LISTSERV 16.5 - CODE4LIB Archives

Eric Lease Morgan wrote:

> [snip] Screen scraping is for the birds!! If we, libraries, are so
> much about
> standards, then why do we tolerate interfaces to indexes that force us
> to do screen scraping. As soon as they change their interface you have
> all sorts of new work to do. "Just give me the data."

I would be the last one to disagree with the intent of Eric's
statement.  Consistent, standards-driven interfaces make content more
accessible for all.

Part of the challenge of the "dark web", is that it is full of unique
sets of data, both large and small, that have significance to specific
users in specific contexts and have a relatively custom interface to
suit it. (In the best of worlds with a standard set of HTML widgets) In
courses on cataloguing many, many years ago I was drawn to the insight
that publishers don't give a damn about librarians and consistent title
pages (and versos).  Especially do designers not give a damn.  I'm not
sure why I'd ever hoped that the web would be better.

We do screen scraping not from choice, but from necessity.

In my case, I do as little as possible, framing the target so that users
can carry on in the native environment.  All I really need are:
    a) the success/failure indicators (a result count when possible)
    b) a quick tweak to supply a base href
    c) and the ability to pass on permissions  (session ids, cookies etc.)

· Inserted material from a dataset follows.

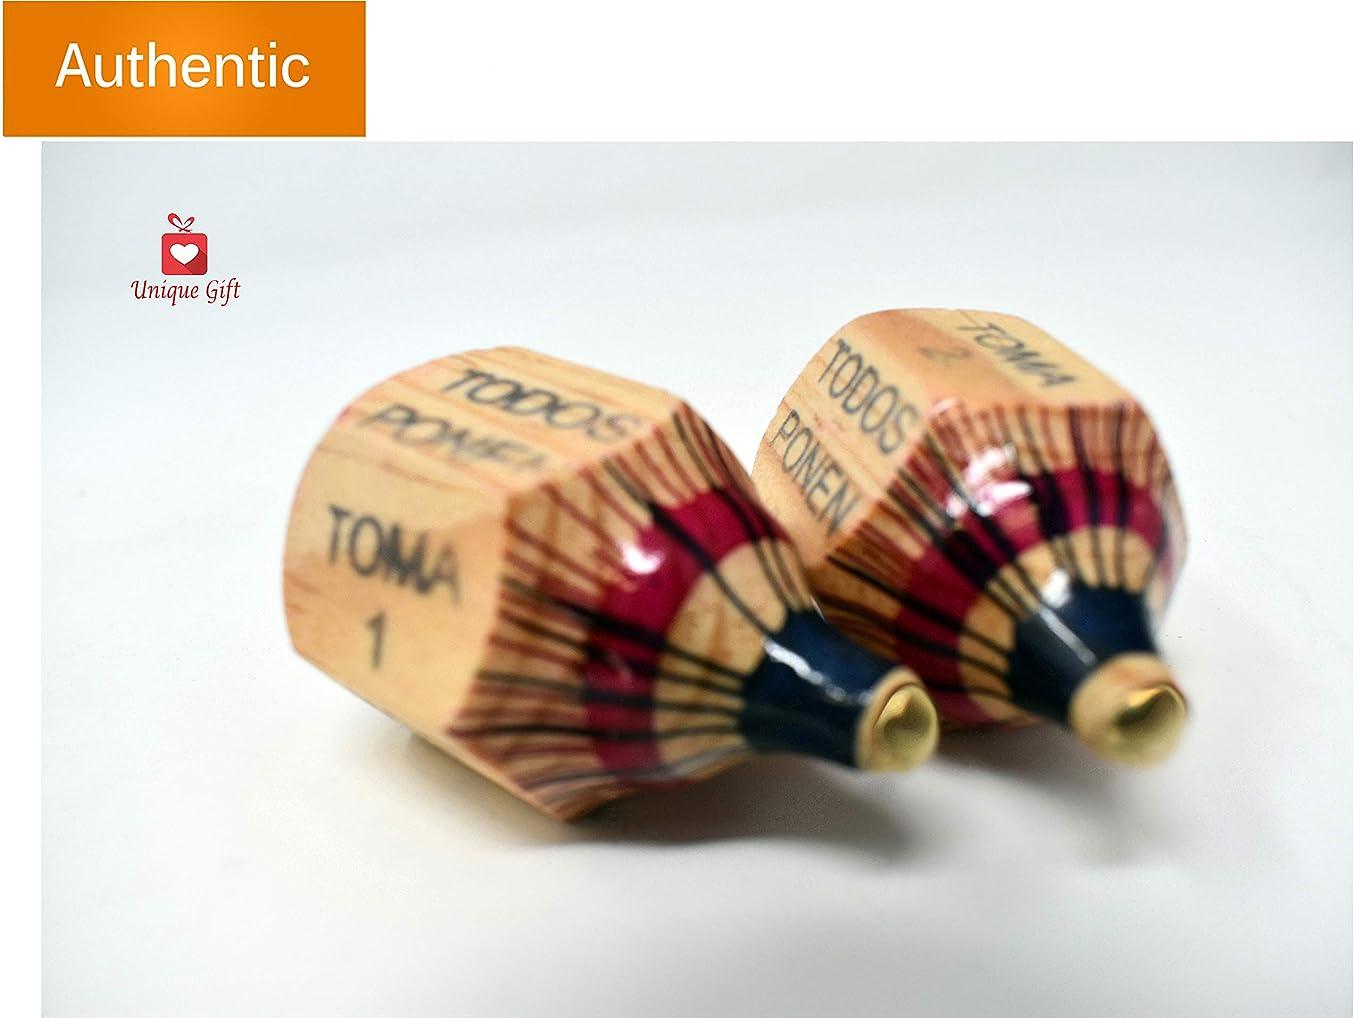 New | Alondra's Imports (TM) Uniquely Designed, Classic Wood Spinning Top Game (Pirinola Toma Todo - Artesania De Madera) Unique Assorted Color at Tip - Premium Quality Finish - Complete Set of 2

In short, if you can't get just the data (Eric's point, and the moral
high ground), touch the wrapper as little as possible and move on.
Various screen-scraping exercises have to find their own stopping point
in manipulating the content of the result set/HTML page.  The less you
touch the further it scales.

Perhaps that's the essential difference between a "federated" search and
one where you attempt to "unify" the result set.  The  approach I have
taken does not attempt to dedupe or re-sort or merge the disparate
results in any useful way.

Walter Lewis
Halton Hills